*PROBLEM DETAILS*:
Using the records below, transcribe exactly only the lines from the one with "cooking collard greens" through the end, both included, and drop every picture.
*** Block opens ***
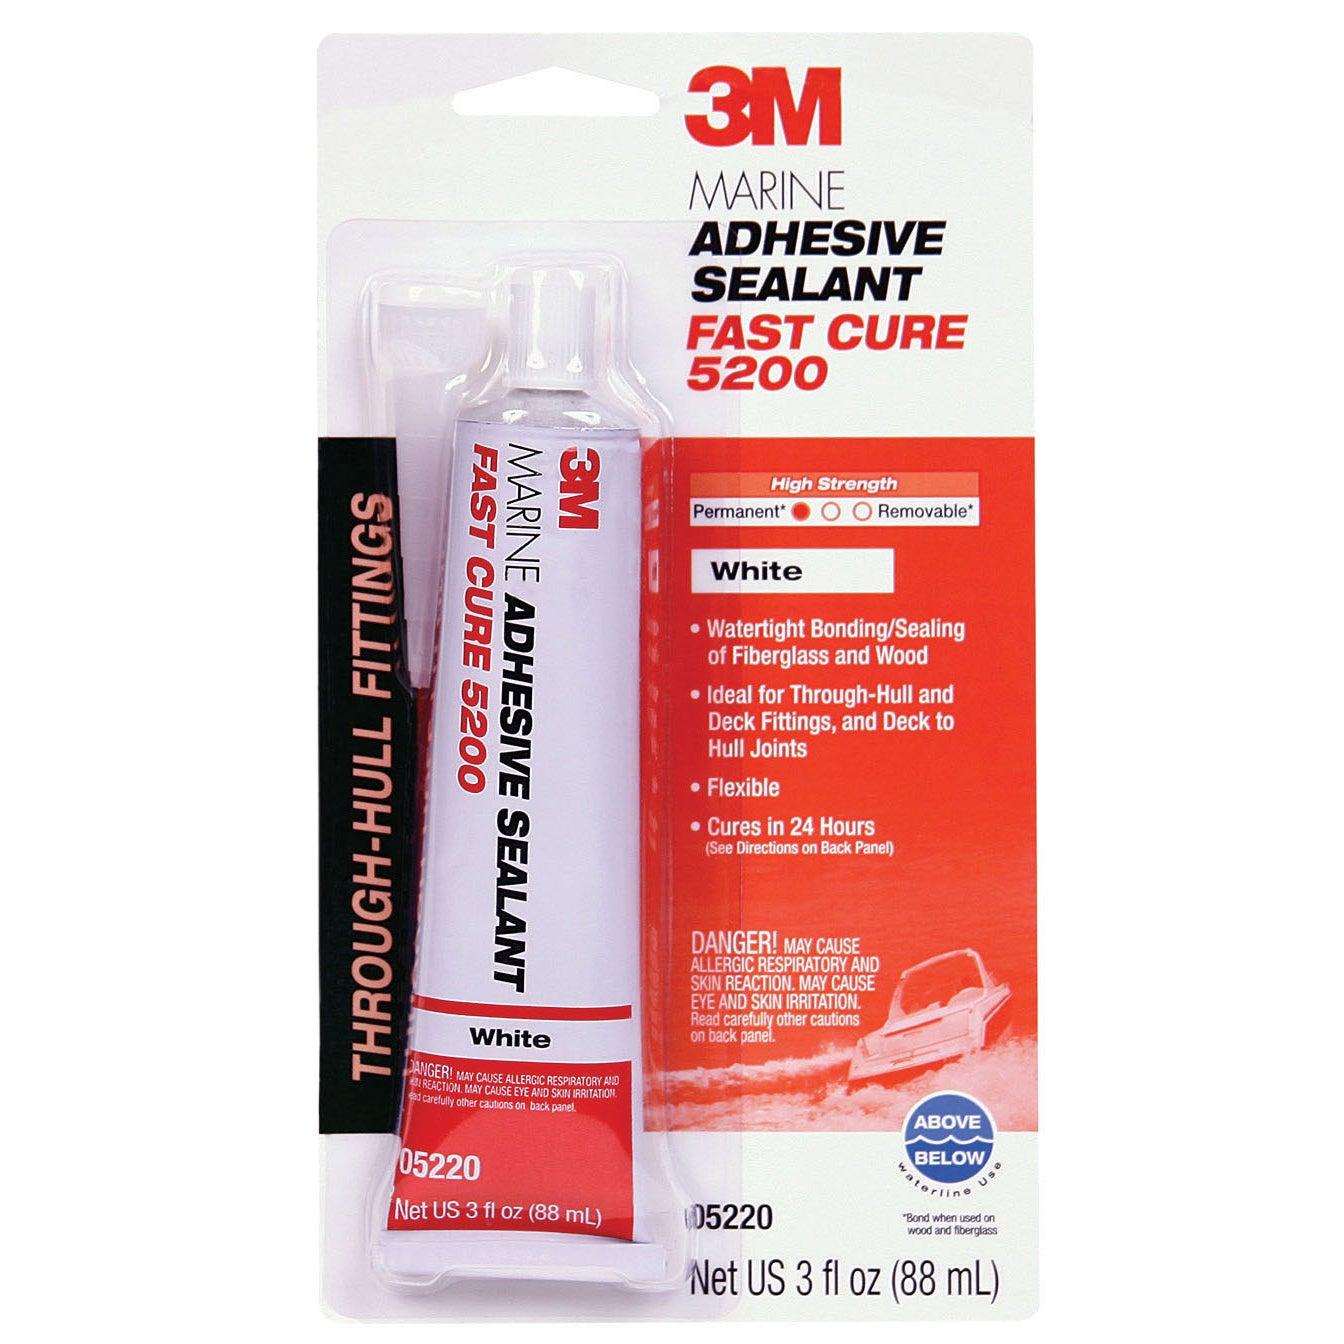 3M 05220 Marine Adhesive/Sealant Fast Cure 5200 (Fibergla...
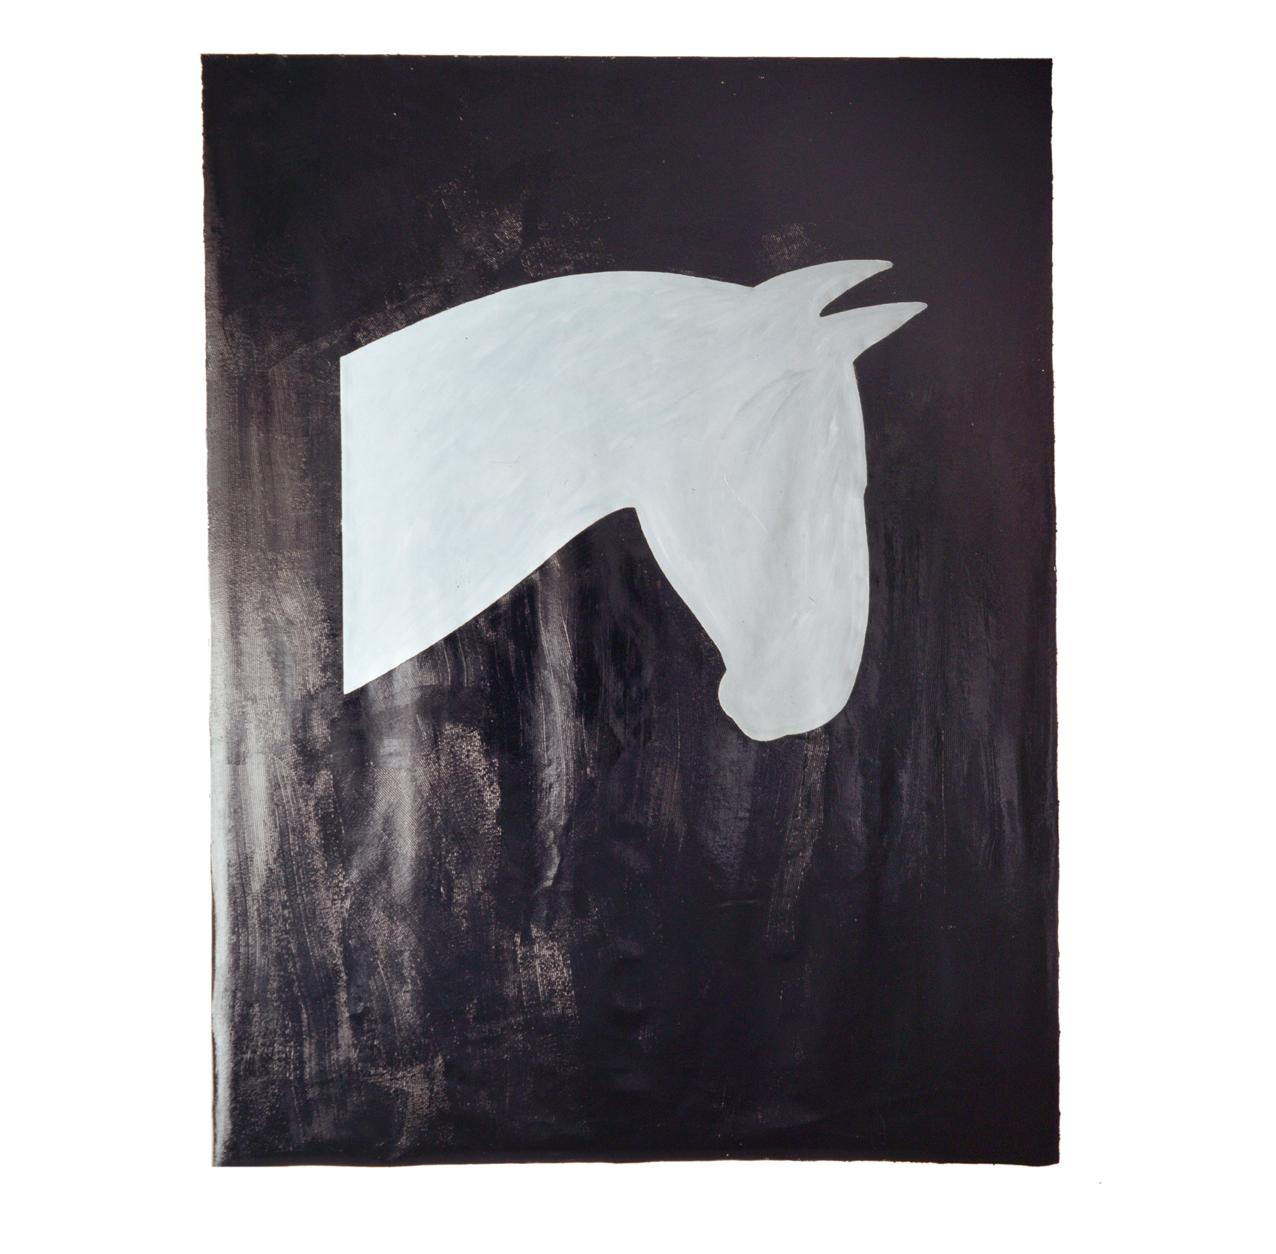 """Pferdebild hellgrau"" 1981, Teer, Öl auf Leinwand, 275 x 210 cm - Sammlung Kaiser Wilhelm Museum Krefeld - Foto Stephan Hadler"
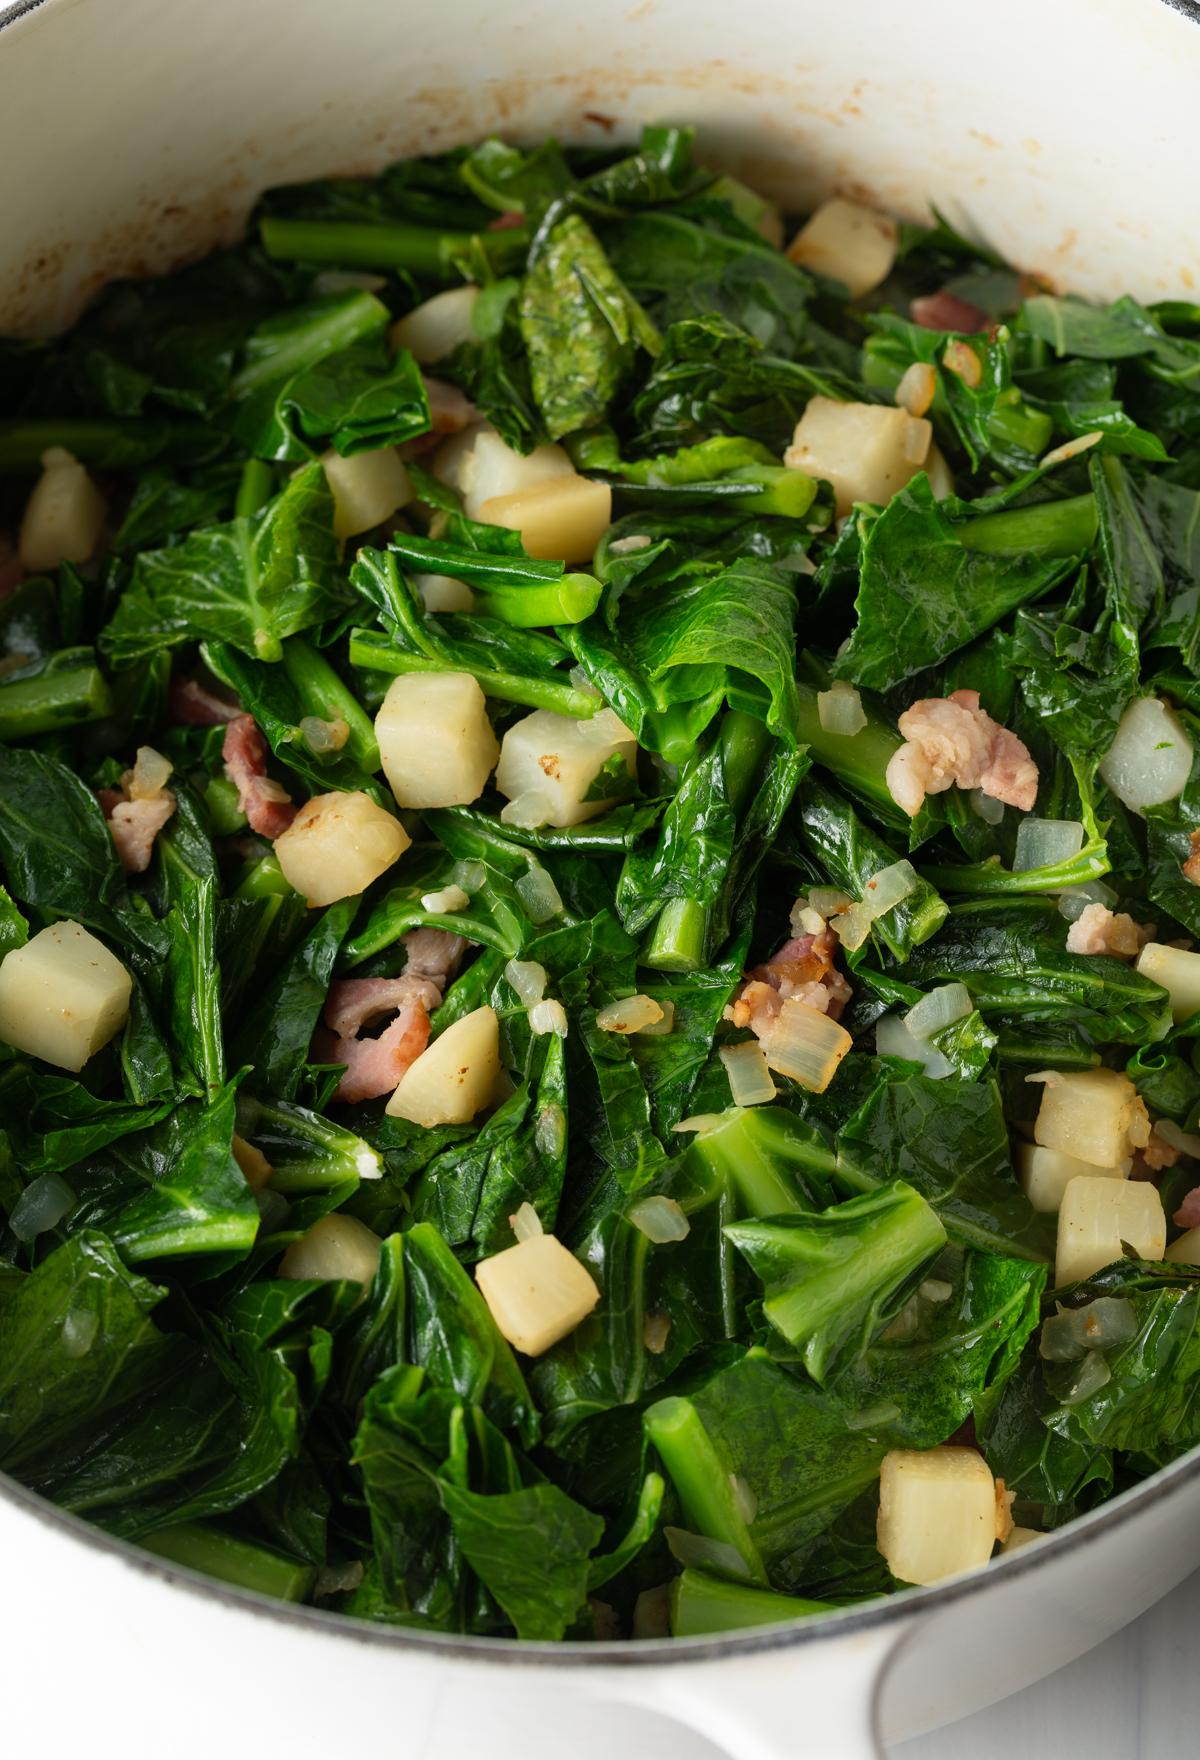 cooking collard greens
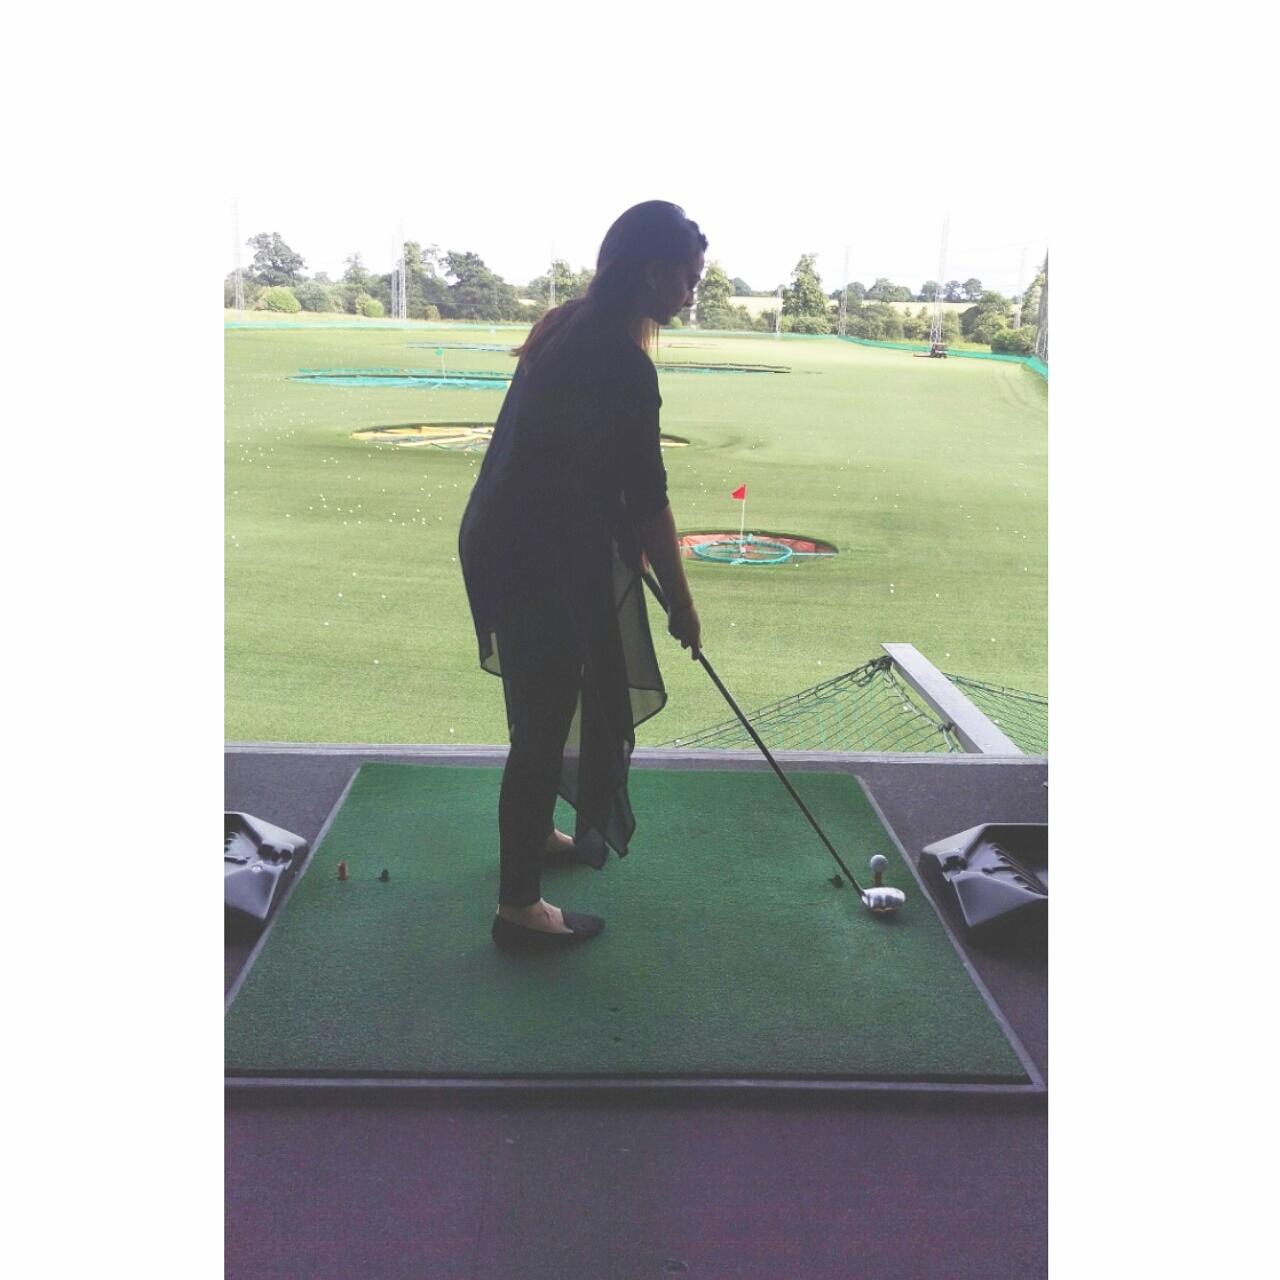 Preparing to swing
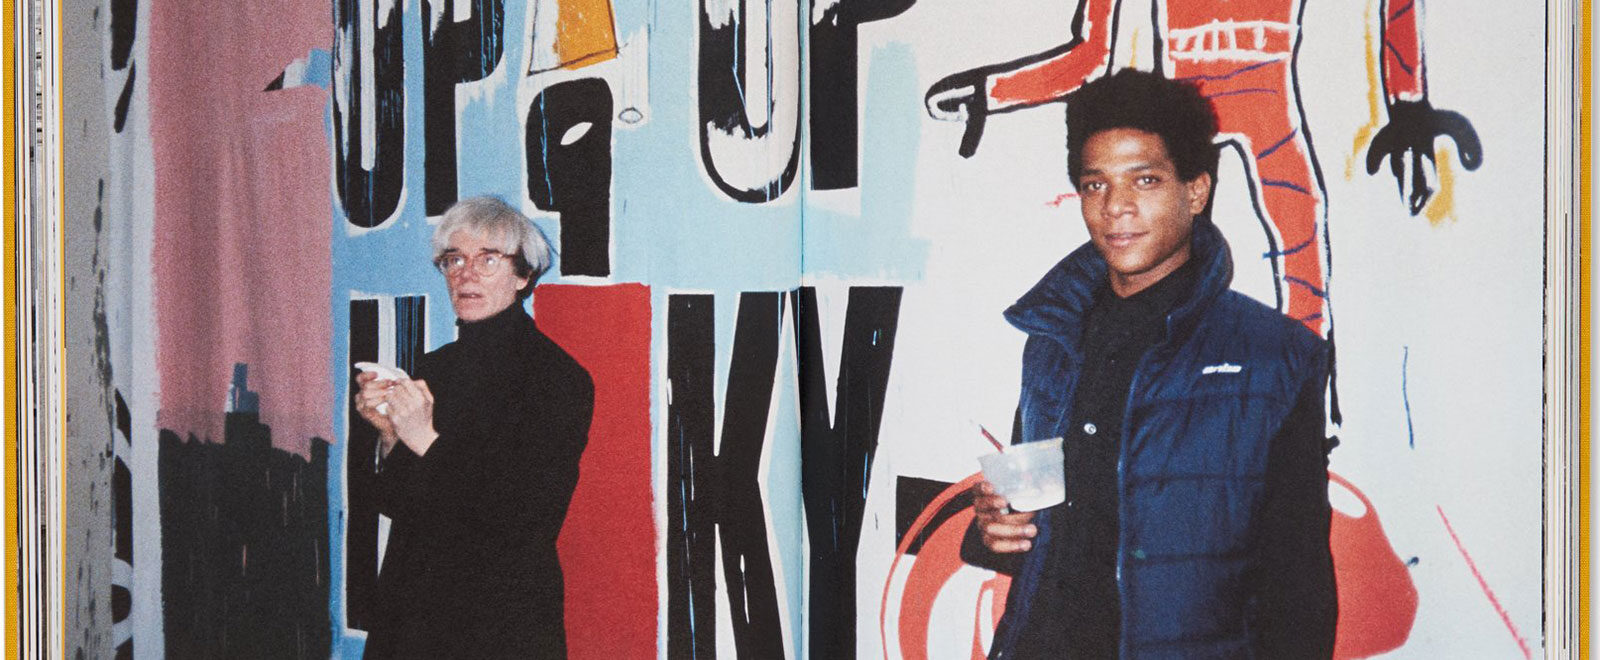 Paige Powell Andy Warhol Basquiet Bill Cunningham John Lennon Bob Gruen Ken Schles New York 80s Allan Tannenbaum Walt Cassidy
*** Block closes ***
*REPLY*:
 cooking collard greens
 Preparing to swing
 Paige Powell Andy Warhol Basquiet Bill Cunningham John Lennon Bob Gruen Ken Schles New York 80s Allan Tannenbaum Walt Cassidy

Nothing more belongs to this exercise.